我使用了流水线，这确实给了我一个提升。但很快就失去了记忆。作为参考，我有一个64 gig RAM的系统。而且我认为它不会耗尽记忆力。代码如下：

import redis
import gzip
import os
import sys
r = redis.Redis(host='localhost',port=6379,db=0)
pipe = r.pipeline(transaction=False)
i = 0
MAX = 10000
ignore = ['3gm-0030.gz','3gm-0063.gz','2gm-0008.gz','3gm-0004.gz','3gm-0022.gz','2gm-0019.gz']
for l in os.listdir(sys.argv[1]):
        if(l in ignore):
                continue
        infile = gzip.open(os.path.join(sys.argv[1],l),'rb')
        print 'doing it for file ',l
        for line in infile:
                parts = line.split('\t')
                key = parts[0]
                value = parts[1].rstrip('\n')
                if(i<MAX):
                        pipe.set(key,value)
                        i=i+1
                else:   
                        pipe.execute()
                        i=0
                        pipe.set(key,value)
                        i=i+1
        infile.close()

是哈希的方式吗？我认为64演出就足够了。我只给了它一小部分20亿个关键值：价值对而不是整个事物。

Answer 1

在您的情况下，您可能无法实现所需。

根据this page，您的数据集是24 GB 压缩 gzip。这些文件可能包含很多类似的文本，如字典。

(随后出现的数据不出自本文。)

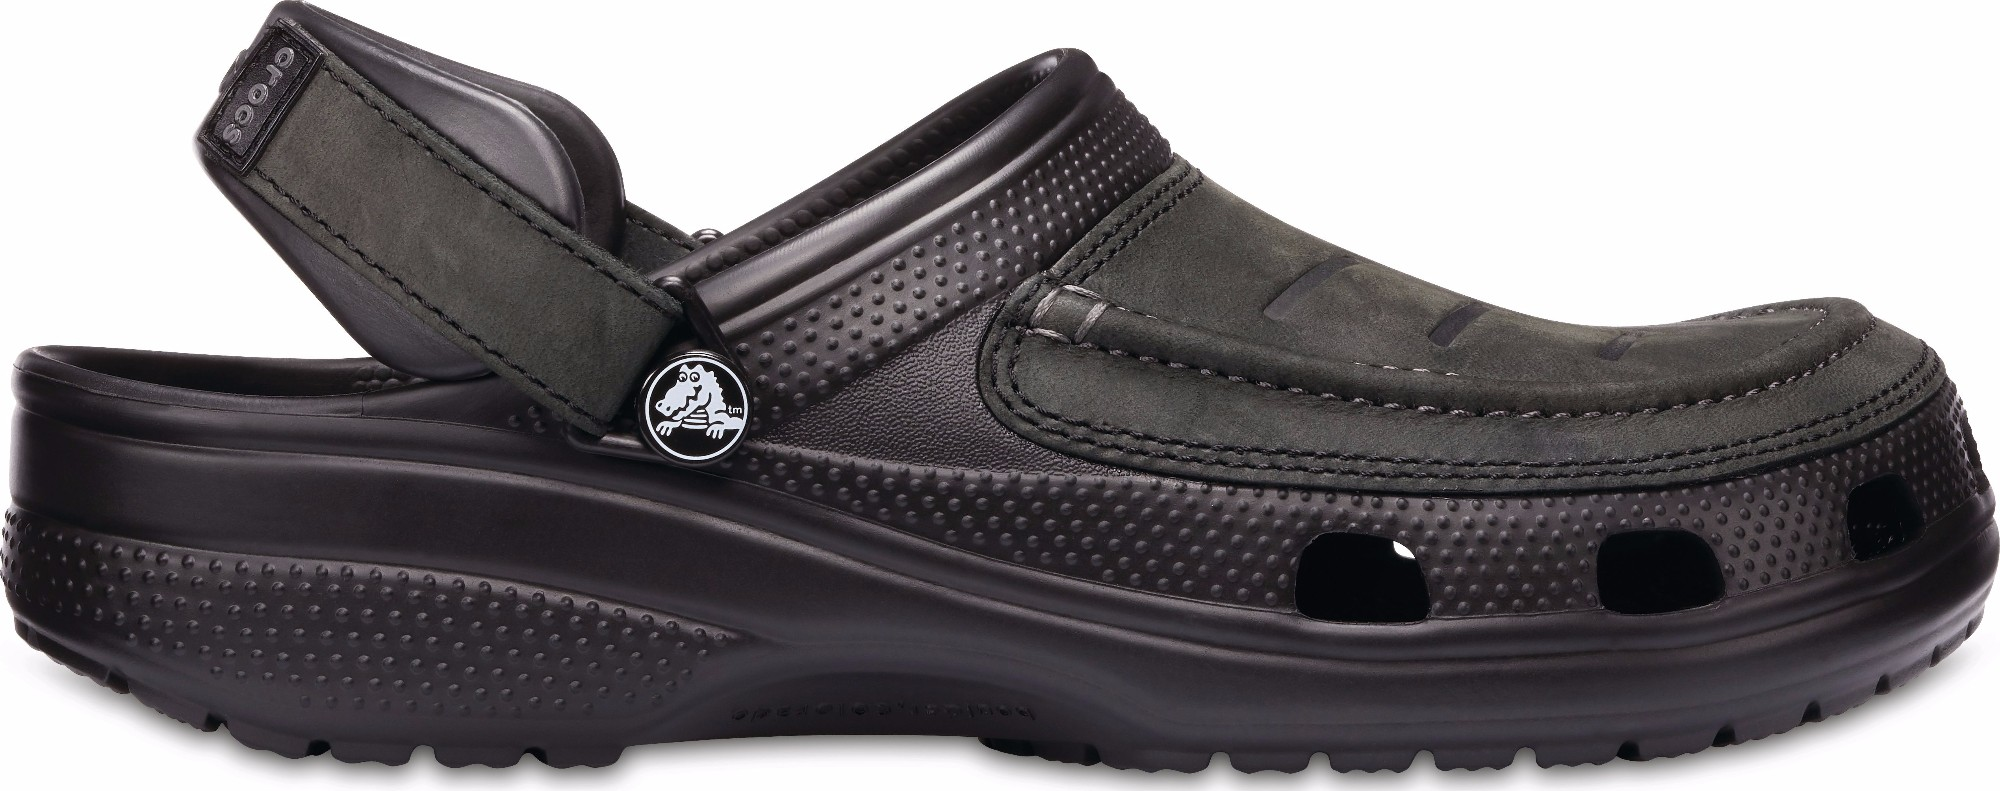 Crocs™ Yukon Vista Clog Black/Black 44,5

使用words程序中的dict文件进行快速测试，压缩率为3.12x：

> gzip -k -c /usr/share/dict/web2 > words.gz
> du /usr/share/dict/web2  words.gz
2496    /usr/share/dict/web2
800 words.gz
> calc '2496/800'
3.12 /* 3.12 */
> calc '3.12*24'
74.88 /* 7.488e1 */

因此，您的未压缩数据大小容易超过64 GB。因此，即使没有 Redis的任何开销，即使使用16位无符号整数来存储计数，它也不适合您的RAM。

查看示例，大多数键相对短;

serve as the incoming   92
serve as the incubator  99
serve as the independent    794
serve as the index  223
serve as the indication 72
serve as the indicator  120
serve as the indicators 45
serve as the indispensable  111
serve as the indispensible  40
serve as the individual 234
serve as the industrial 52

您可以对密钥进行哈希处理，但平均来说可能不会为您节省太多：

In [1]: from hashlib import md5

In [2]: data = '''serve as the incoming 92
serve as the incubator 99
serve as the independent 794
serve as the index 223
serve as the indication 72
serve as the indicator 120
serve as the indicators 45
serve as the indispensable 111
serve as the indispensible 40
serve as the individual 234
serve as the industrial 52'''

In [3]: lines = data.splitlines()

In [4]: kv = [s.rsplit(None, 1) for s in lines]

In [5]: kv[0:2]
Out[5]: [['serve as the incoming', '92'], ['serve as the incubator', '99']]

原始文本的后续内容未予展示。